The texture of everyday life gone by

Una Margaret Snowdon (1887-1954)

The Life of Una Margaret Part (1887–1954)


Studio portrait of Una Margaret Part, born 1887 in Sunninghill, Berkshire, taken in her later yearsUna Margaret Part’s life spanned a transformative period in British history, beginning in the late Victorian era and concluding in post-war London. Born in 1887 in the leafy Berkshire parish of Sunninghill, Una’s story is a window into the lives of upper-middle-class English families, marked by tradition, resilience, and change.

Early Life and Family Background
Una was the cherished daughter of James and Edith Part. At the time of her birth, James was 46 and Edith was 40—both mature parents by the standards of the time, likely indicating a stable and established household. Sunninghill, located in the Royal County of Berkshire, was a place of genteel society, close to Ascot and Windsor, and Una’s upbringing would have been coloured by the values and expectations of Edwardian England.

The late 19th century was an era when family connections and social standing played vital roles. The Parts were almost certainly respected in their community, able to provide Una with the education and refinements suitable for a young woman of her class. She would have come of age in a world shaped by horse-drawn carriages, servants, and a social calendar defined by seasons and propriety.

Marriage and Motherhood
As a young woman, Una married Alexander Francis Part. The marriage not only cemented her place within the family but also allowed her to fulfil the central Edwardian expectation of womanhood: to become a wife and mother. Together, Una and Alexander had two children, and it is through her role as a mother that Una’s legacy most tangibly endures.

Motherhood in Edwardian and early 20th-century Britain was both a private and public responsibility. Una would have been responsible not only for the well-being and education of her children but also for upholding the family’s reputation and managing its social affairs. This period of Una’s life would have included the upheaval of the First World War, a time when many families faced uncertainty, loss, and rapid social change.

1921 Census return for Una Margaret Part and family, 9 Ashburn Place, Kensington, London, showing family members, ages, and household staff including butler and maids
1921 Census – Una Margaret Part & Family, 9 Ashburn Place, London: This official census record captures Una Margaret Part, her husband Alexander Francis Part, their four children, and four live-in staff (butler, nursery maid, housemaid, and kitchenmaid) at their prestigious Kensington address. The document highlights the family’s social status and lifestyle in post-Edwardian London.

By 1921, Una Margaret Part was living with her husband, Alexander Francis Part, at 9 Ashburn Place, in the affluent borough of Kensington, London. The census of that year reveals not only their growing family—four children ranging in age from 20 down to 2—but also a household supported by a butler, nursery maid, housemaid, and kitchenmaid. Una herself, in her mid-thirties, is recorded as being “at home,” the matriarch of a bustling urban household. Her husband, Alexander, was a company director for Trust Houses Ltd., underscoring the family’s comfortable social standing. The scale of their home life, with multiple staff, hints at a lifestyle of privilege and complex domestic management. The children’s spread in ages, and the family’s location in one of London’s most desirable addresses, reflect both stability and the expectations of upper-middle-class society in post-Edwardian Britain.

Later Life and Second Marriage
Una’s life took a significant turn in April 1940, when, at the age of 53, she married William Malcolmson Reynolds. This marriage, occurring as the Second World War was beginning to convulse Britain, suggests a woman of resilience and adaptability. To remarry at this stage—when many women of her age would have been considered matronly, even elderly by contemporary standards—speaks to her independence and capacity for reinvention.
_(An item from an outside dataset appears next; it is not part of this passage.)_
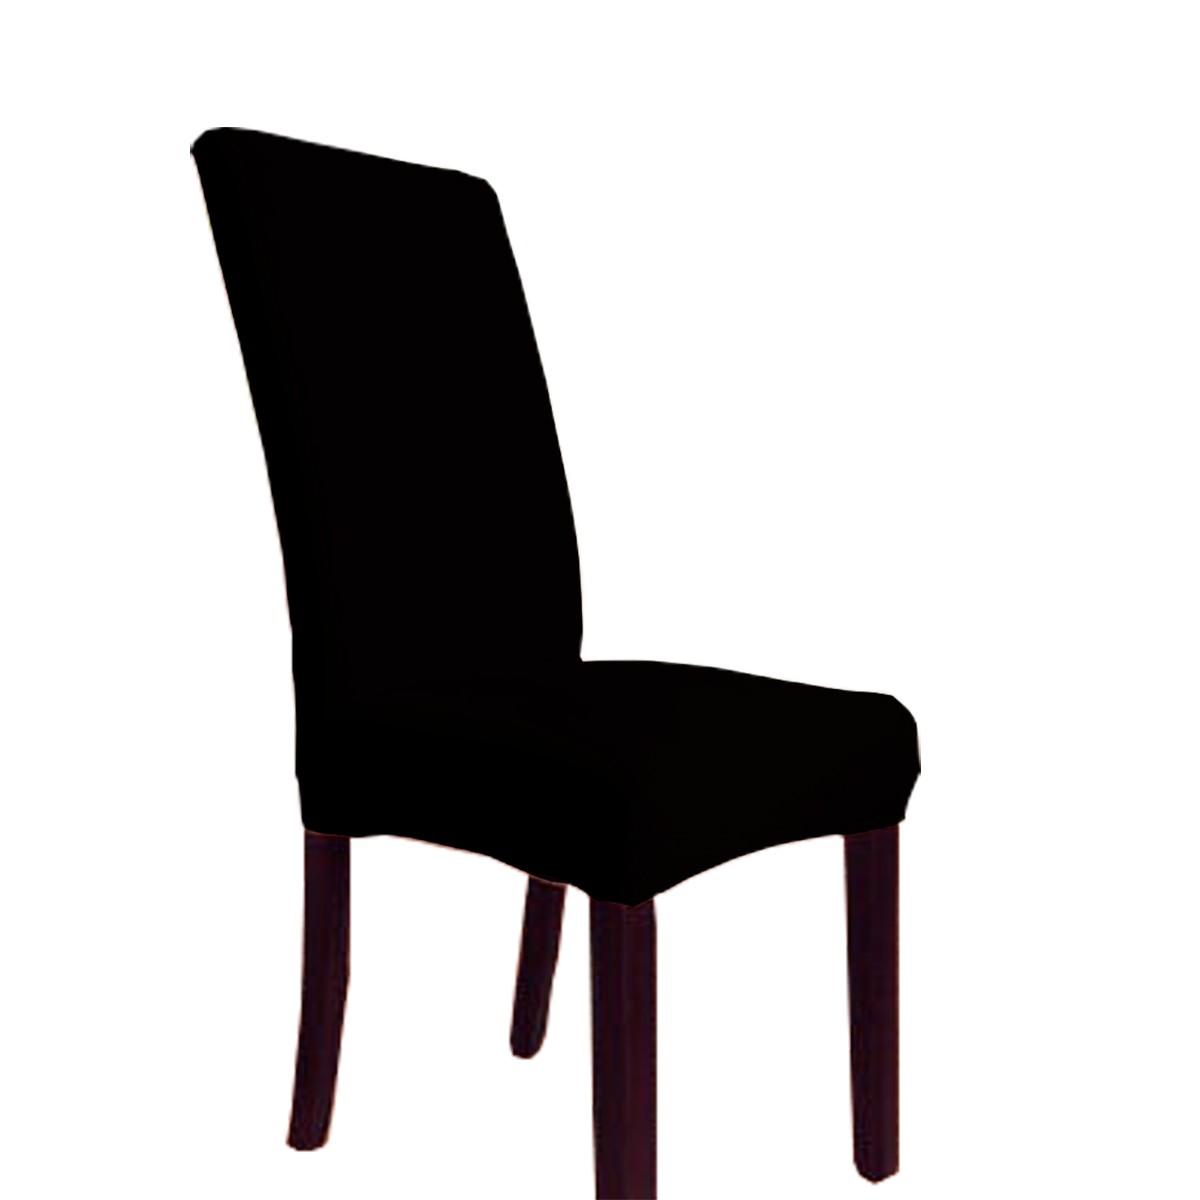 Capa Para Cadeira Avulsa Cacharrel tam Unico Preto

The marriage to William Malcolmson Reynolds, set against the backdrop of wartime London, would have presented new challenges and experiences. London in the 1940s was a city under siege, its citizens adapting to rationing, air raids, and the constant threat of loss. Una’s decision to remarry and relocate—ultimately spending her final years in London—marks her as a woman not content to rest on the past, but willing to face the future, however uncertain.

Death and Legacy
Una Margaret Part died on 21 May 1954 in London, aged 67. Her passing closed a chapter that had begun in the tranquil Victorian countryside and ended in the vibrant, if scarred, metropolis of post-war England. She left behind a lineage through her two children, and a story emblematic of so many women of her era: shaped by duty, resilience, and the quiet, powerful influence exerted within the family and the wider world.

Conclusion
While records give us only glimpses—birth dates, marriages, the names of parents, spouses, and children—the facts of Una Margaret Part’s life sketch the outline of a woman who bridged two centuries and two very different Englands. Her journey from Sunninghill to London, from maidenhood through motherhood and into renewed partnership late in life, is a testament to adaptability, endurance, and the understated strength of women whose stories are so often condensed into genealogical facts.

I acquired a single image of Una on the ‎29 ‎October ‎2013.